Ada was there, fully recovered from her ordeal when the building collapsed. She stood beside her sister in a cream dress, also defiantly sleeveless, with a generously pleated skirt and a top with pleats falling from shoulder to waist. A straw hat borrowed from Rhonwen was swathed in cream chiffon and had a large, artificial rose at the front.
Phil refused to come and Van too pleaded an urgent meeting that prevented her being at the register office. If Cecily was hurt by the absence of her daughter and brother-in-law, and her still-silent mother, she didn’t show it by the slightest frown. For Peter’s sake she was radiant and he was ridiculously proud. The glow from them promised happiness that nothing could tarnish: not a sulky daughter, or an indifferent mother or a brother-in-law filled with hate. Peter came to live at the shop, presenting his ration book to Cecily with a bow. ‘My love, my life and my ration book. What more can I offer?’
There was something else. Cecily and Ada were delighted when he suggested renting his house over beyond the beach to Johnny and his new family. Sharon and the girls could move in straightaway and have a home ready for Johnny to come home to. Cecily was filled with pleasurable excitement when they went down the next day to talk to Sharon about it.

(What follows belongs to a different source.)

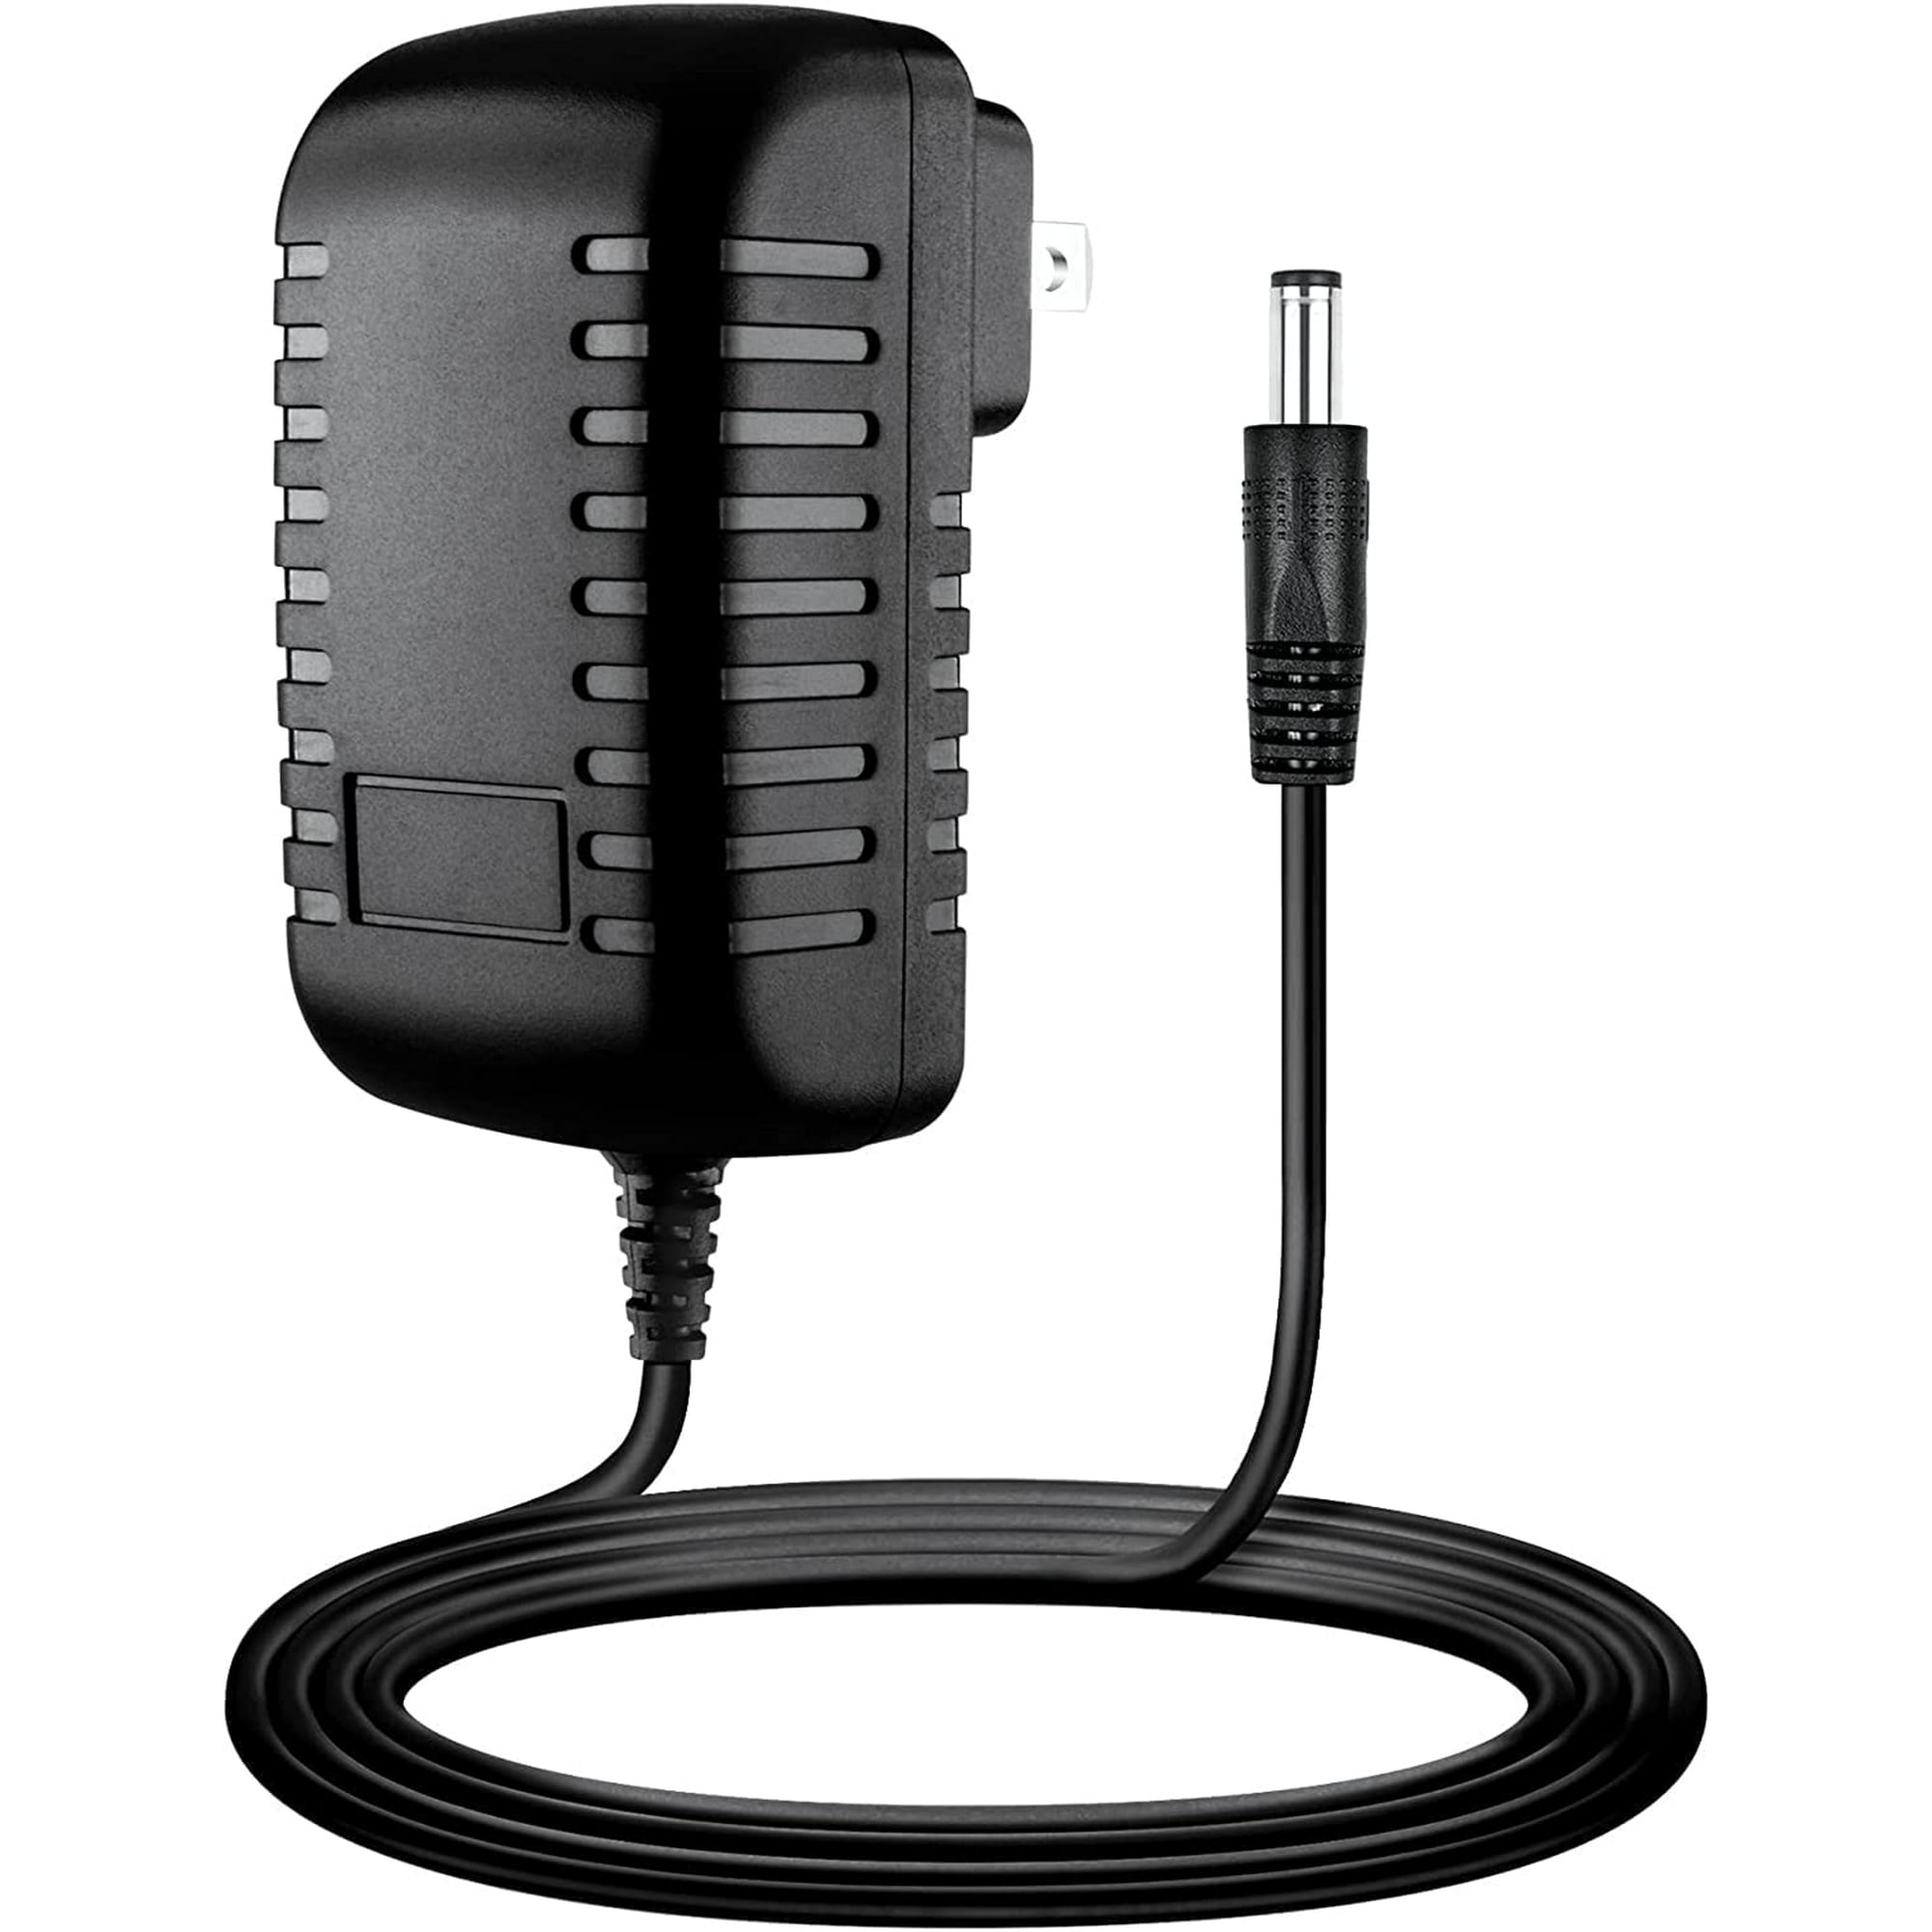 BTADP-128 HomeSpot Bluetooth Transmitter for TV Headphone Low Latency  Wireless 3.5mm Audio Adapter iPad TV to Bluetooth Speaker or Headpho

The horse and cart came into use once again, this time with the owner driving it as Phil typically refused to help. Sharon and her girls, together with their possessions, left the rooms they had rented, and moved into Peter’s house. ‘I doubt it will ever be tidy again,’ Cecily warned as they watched Sharon ineffectively trying to put clothes into already overfull drawers and cupboards.